Updated: Jul 14, 2023

James Masters on Three's Lionesses blunder



In 2018, mobile telco Three had a cheeky Men’s World Cup ambush idea. On sites around the UK they rebranded store fronts with three lion emojis. Three Lions. Nice.

Fast forward to 2019 and Three were looking to replicate the idea. The issue with the lion emoji, however, is that it’s very much a maned male. Where some might have seen a problem, Three saw an opportunity to reimagine the campaign and land some purpose-driven marketing to boot.


With a PR shot of Kelly Smith and a group of grassroots players outside of their flagship London store, Three encouraged people to petition for a lioness emoji.

On first glance, the campaign seems to have capitalised on the moment relatively effectively. They had reasonable social and PR coverage, as well as retweets from the likes of Gabby Logan.

However, dig a little deeper and one finds accusations of virtue-signalling.

This was called out by Karen Bardsley, who tweeted, “As much as I appreciate the gesture, continuing to grow investment in women’s football would #ChangeTheGame more than emojis would.”

Three, not a financial s upporter of the women’s game, responded with a “Dollar, Dollar” GIF.

This didn’t go unnoticed, nor that, at the time of writing, they fell short of their 1,500 petition signatories target.


The 2018 emoji campaign was fun and games but as soon as Three crossed the line to purpose gimmicks weren’t good enough.

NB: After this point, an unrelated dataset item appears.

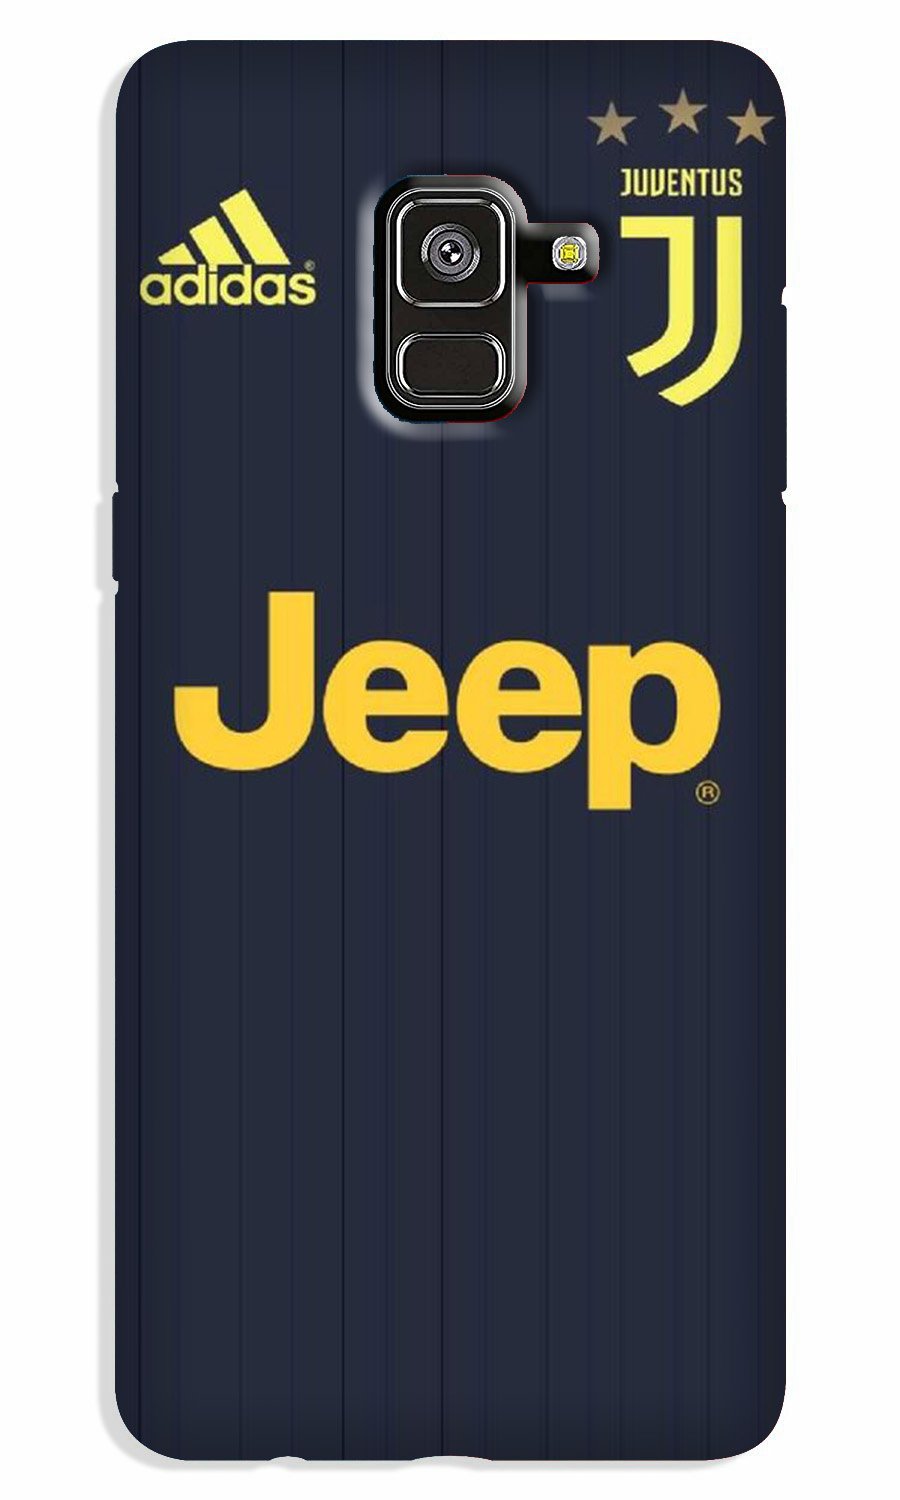 Jeep Juventus Case for Galaxy A5 (2018)  (Design - 161)

In purpose-driven marketing, authenticity is crucial; It requires hard work and appropriate investment.


Meanwhile, in Brazil, Sport Club De Recife recognised this; their ‘Immortal Fans’ campaign - one of my all-time favourites in sport - is an extraordinary case study that pulled out all the stops to literally save lives.

‘Immortal Fans’ launched with a powerful film, featuring real patients on organ transplant waiting lists. Become an organ donor, it said, and in death your heart will keep beating and your lungs will keep breathing for Sport Club De Recife. The integrated campaign duly went viral across the Brazilian media landscape. 66,000 fans declared themselves donors and received a donor card, available at the stadium and through social, in the club’s colours. The transplant waiting list in Recife dropped to zero.

Here, the complex social issue of organ donation was made comprehensible and emotive by football. Similarly, on the other side of purpose-driven marketing, sport has a brilliant ability to make a brand’s corporate purpose palatable and exciting.

Take Barclays, for example, and their purpose, ‘Creating opportunities to rise’. Pretty impenetrable, right? However, when ‘Creating opportunities to rise’ is communicated as giving women the same opportunities to succeed in football as men, you suddenly have something that makes sense.

Earlier this year, Barclays announced their title sponsorship of Barclays FA Women’s Super League and investment into the FA Girls’ Football School Partnerships. The grassroots initiative will see football programmes delivered to girls in 6,000 schools. Impressive, genuine stuff.

Barclay’s strategy, like Sport Club De Recife’s, uses sport in the right way to nail purpose-driven marketing. In the world of purpose and passion, ignoring authenticity is not an option. Sports fans, players, and marketing professionals alike will sniff out virtue-signalling.

Take shortcuts at your peril and if you get caught out, for goodness’ sake, don’t respond with a GIF.